### Problem to work on
Set down the data again in full, keeping every line exactly as it is.

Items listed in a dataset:
* * * *

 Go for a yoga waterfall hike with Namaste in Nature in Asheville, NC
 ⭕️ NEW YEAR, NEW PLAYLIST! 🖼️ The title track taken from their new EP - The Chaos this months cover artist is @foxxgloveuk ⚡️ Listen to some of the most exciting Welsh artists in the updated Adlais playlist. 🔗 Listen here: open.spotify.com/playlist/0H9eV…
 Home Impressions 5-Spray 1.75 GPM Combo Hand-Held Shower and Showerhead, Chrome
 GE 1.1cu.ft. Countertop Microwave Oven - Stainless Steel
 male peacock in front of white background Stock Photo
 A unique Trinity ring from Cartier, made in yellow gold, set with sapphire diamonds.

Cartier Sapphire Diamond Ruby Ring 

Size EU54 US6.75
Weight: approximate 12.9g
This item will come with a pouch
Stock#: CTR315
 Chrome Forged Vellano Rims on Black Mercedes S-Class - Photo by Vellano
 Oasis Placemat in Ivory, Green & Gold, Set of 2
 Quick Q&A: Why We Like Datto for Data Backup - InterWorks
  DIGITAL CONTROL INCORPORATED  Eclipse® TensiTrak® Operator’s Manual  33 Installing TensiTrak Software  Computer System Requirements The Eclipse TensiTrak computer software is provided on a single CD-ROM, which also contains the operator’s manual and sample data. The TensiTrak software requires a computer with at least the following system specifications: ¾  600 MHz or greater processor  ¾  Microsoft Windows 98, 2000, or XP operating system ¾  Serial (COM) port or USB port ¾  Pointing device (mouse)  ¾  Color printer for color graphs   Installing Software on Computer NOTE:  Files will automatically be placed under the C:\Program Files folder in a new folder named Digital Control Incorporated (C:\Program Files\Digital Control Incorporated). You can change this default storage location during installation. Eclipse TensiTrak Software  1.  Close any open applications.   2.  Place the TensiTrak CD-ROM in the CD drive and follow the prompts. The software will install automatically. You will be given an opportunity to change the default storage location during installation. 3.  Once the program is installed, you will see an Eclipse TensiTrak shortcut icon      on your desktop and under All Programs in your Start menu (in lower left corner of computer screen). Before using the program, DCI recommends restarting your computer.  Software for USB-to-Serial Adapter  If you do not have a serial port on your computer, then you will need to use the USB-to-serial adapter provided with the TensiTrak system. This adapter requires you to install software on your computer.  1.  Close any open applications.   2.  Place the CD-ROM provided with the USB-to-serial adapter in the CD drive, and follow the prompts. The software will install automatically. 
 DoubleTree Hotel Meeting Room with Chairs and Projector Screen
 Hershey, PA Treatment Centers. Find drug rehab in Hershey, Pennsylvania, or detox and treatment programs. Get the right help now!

* * * *

### Task result
 Go for a yoga waterfall hike with Namaste in Nature in Asheville, NC
 ⭕️ NEW YEAR, NEW PLAYLIST! 🖼️ The title track taken from their new EP - The Chaos this months cover artist is @foxxgloveuk ⚡️ Listen to some of the most exciting Welsh artists in the updated Adlais playlist. 🔗 Listen here: open.spotify.com/playlist/0H9eV…
 Home Impressions 5-Spray 1.75 GPM Combo Hand-Held Shower and Showerhead, Chrome
 GE 1.1cu.ft. Countertop Microwave Oven - Stainless Steel
 male peacock in front of white background Stock Photo
 A unique Trinity ring from Cartier, made in yellow gold, set with sapphire diamonds.

Cartier Sapphire Diamond Ruby Ring 

Size EU54 US6.75
Weight: approximate 12.9g
This item will come with a pouch
Stock#: CTR315
 Chrome Forged Vellano Rims on Black Mercedes S-Class - Photo by Vellano
 Oasis Placemat in Ivory, Green & Gold, Set of 2
 Quick Q&A: Why We Like Datto for Data Backup - InterWorks
  DIGITAL CONTROL INCORPORATED  Eclipse® TensiTrak® Operator’s Manual  33 Installing TensiTrak Software  Computer System Requirements The Eclipse TensiTrak computer software is provided on a single CD-ROM, which also contains the operator’s manual and sample data. The TensiTrak software requires a computer with at least the following system specifications: ¾  600 MHz or greater processor  ¾  Microsoft Windows 98, 2000, or XP operating system ¾  Serial (COM) port or USB port ¾  Pointing device (mouse)  ¾  Color printer for color graphs   Installing Software on Computer NOTE:  Files will automatically be placed under the C:\Program Files folder in a new folder named Digital Control Incorporated (C:\Program Files\Digital Control Incorporated). You can change this default storage location during installation. Eclipse TensiTrak Software  1.  Close any open applications.   2.  Place the TensiTrak CD-ROM in the CD drive and follow the prompts. The software will install automatically. You will be given an opportunity to change the default storage location during installation. 3.  Once the program is installed, you will see an Eclipse TensiTrak shortcut icon      on your desktop and under All Programs in your Start menu (in lower left corner of computer screen). Before using the program, DCI recommends restarting your computer.  Software for USB-to-Serial Adapter  If you do not have a serial port on your computer, then you will need to use the USB-to-serial adapter provided with the TensiTrak system. This adapter requires you to install software on your computer.  1.  Close any open applications.   2.  Place the CD-ROM provided with the USB-to-serial adapter in the CD drive, and follow the prompts. The software will install automatically. 
 DoubleTree Hotel Meeting Room with Chairs and Projector Screen
 Hershey, PA Treatment Centers. Find drug rehab in Hershey, Pennsylvania, or detox and treatment programs. Get the right help now!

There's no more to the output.